### DATA BLOCK:
⁂

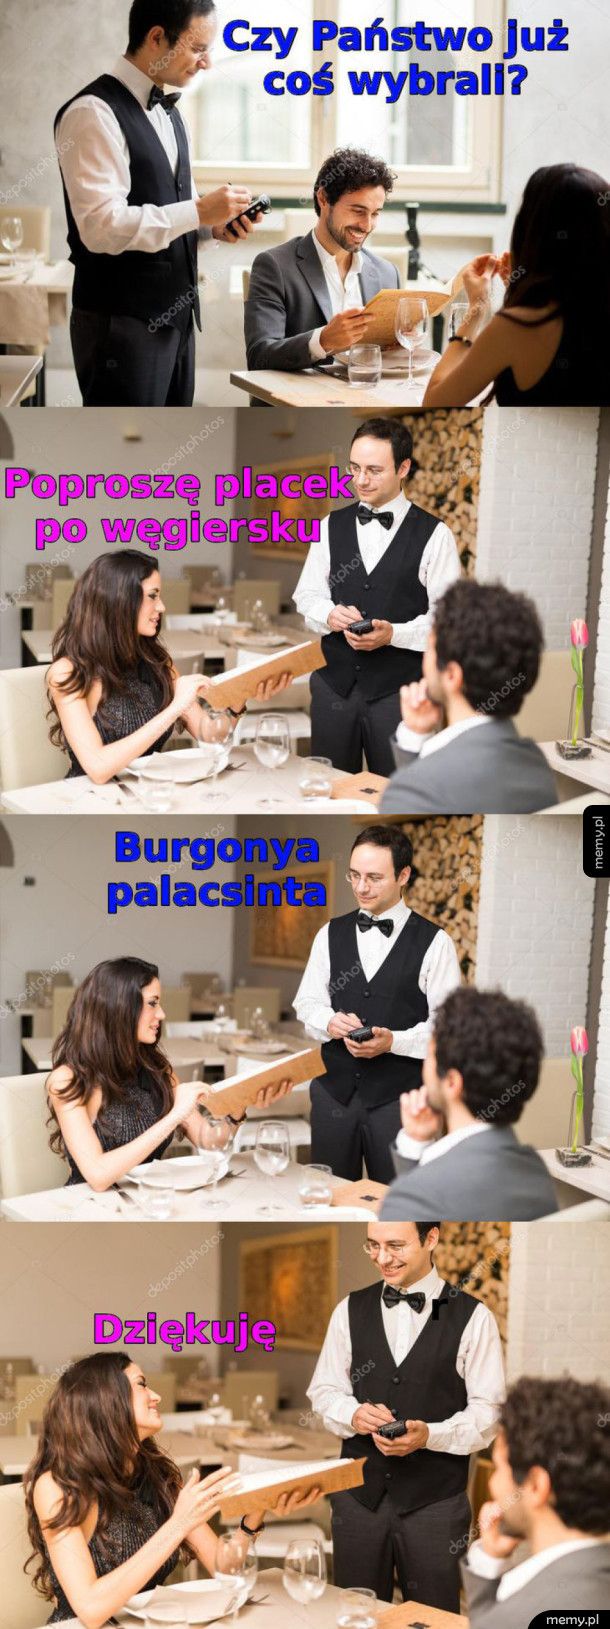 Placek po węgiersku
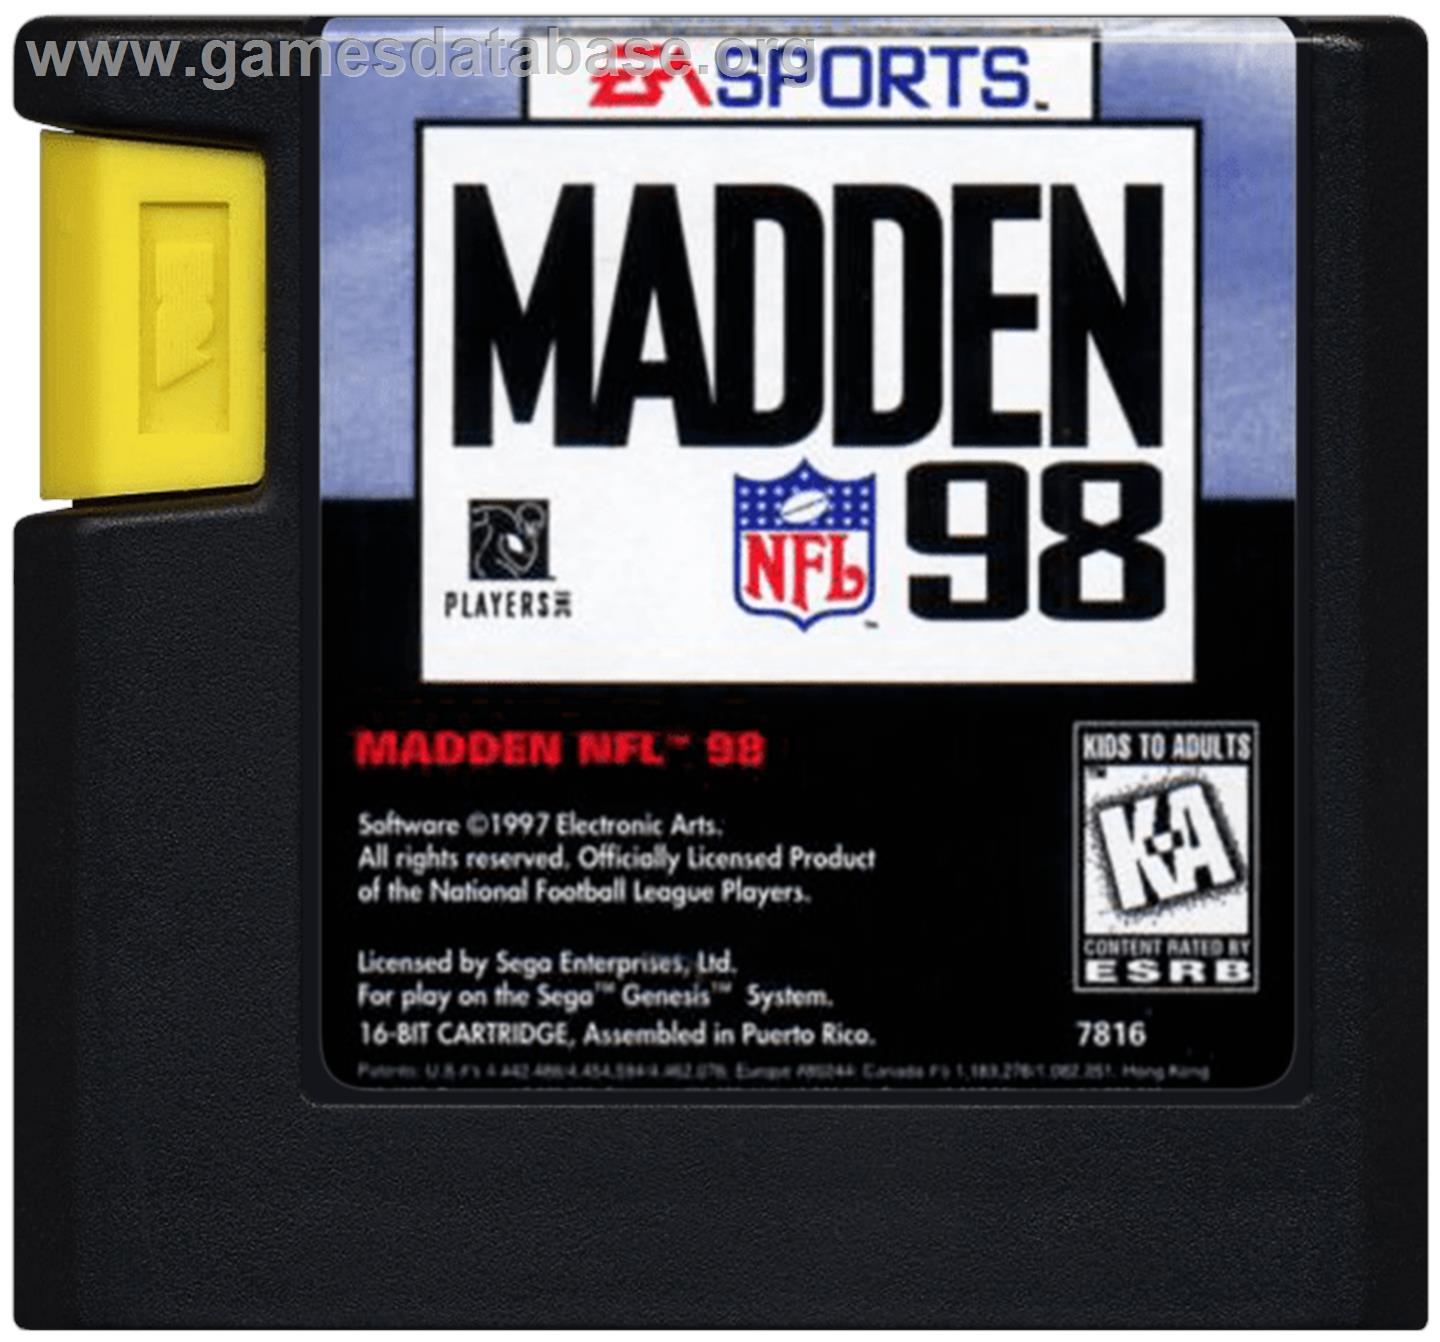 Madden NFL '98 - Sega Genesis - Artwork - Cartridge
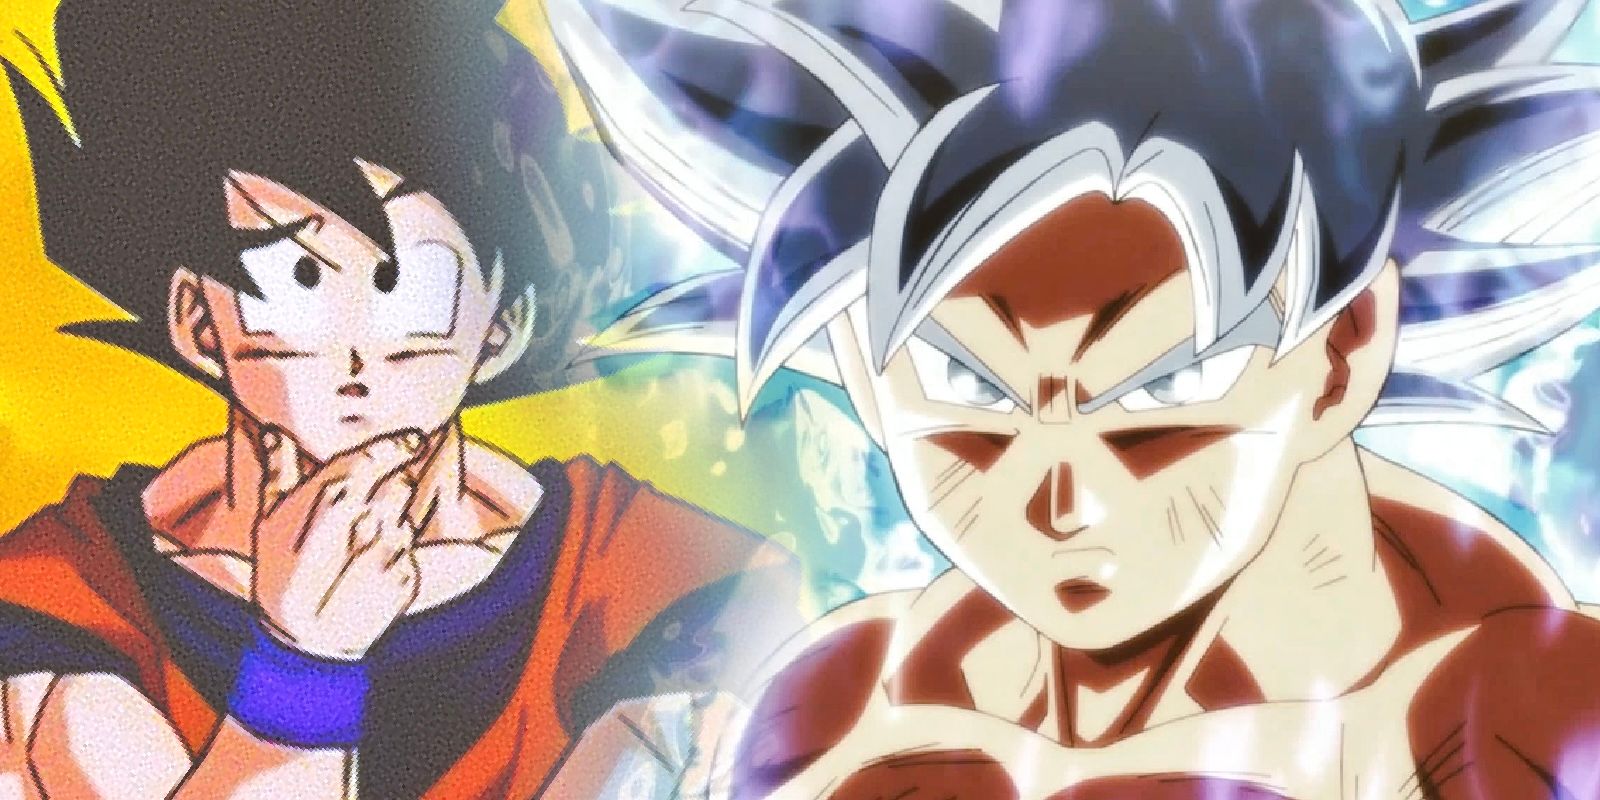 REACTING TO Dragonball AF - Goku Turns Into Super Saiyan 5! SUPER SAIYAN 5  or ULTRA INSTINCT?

⁂

Please output the data above exactly as given, omitting every picture.

### RESULT OF THIS TASK:
 Placek po węgiersku
 Madden NFL '98 - Sega Genesis - Artwork - Cartridge
 REACTING TO Dragonball AF - Goku Turns Into Super Saiyan 5! SUPER SAIYAN 5  or ULTRA INSTINCT?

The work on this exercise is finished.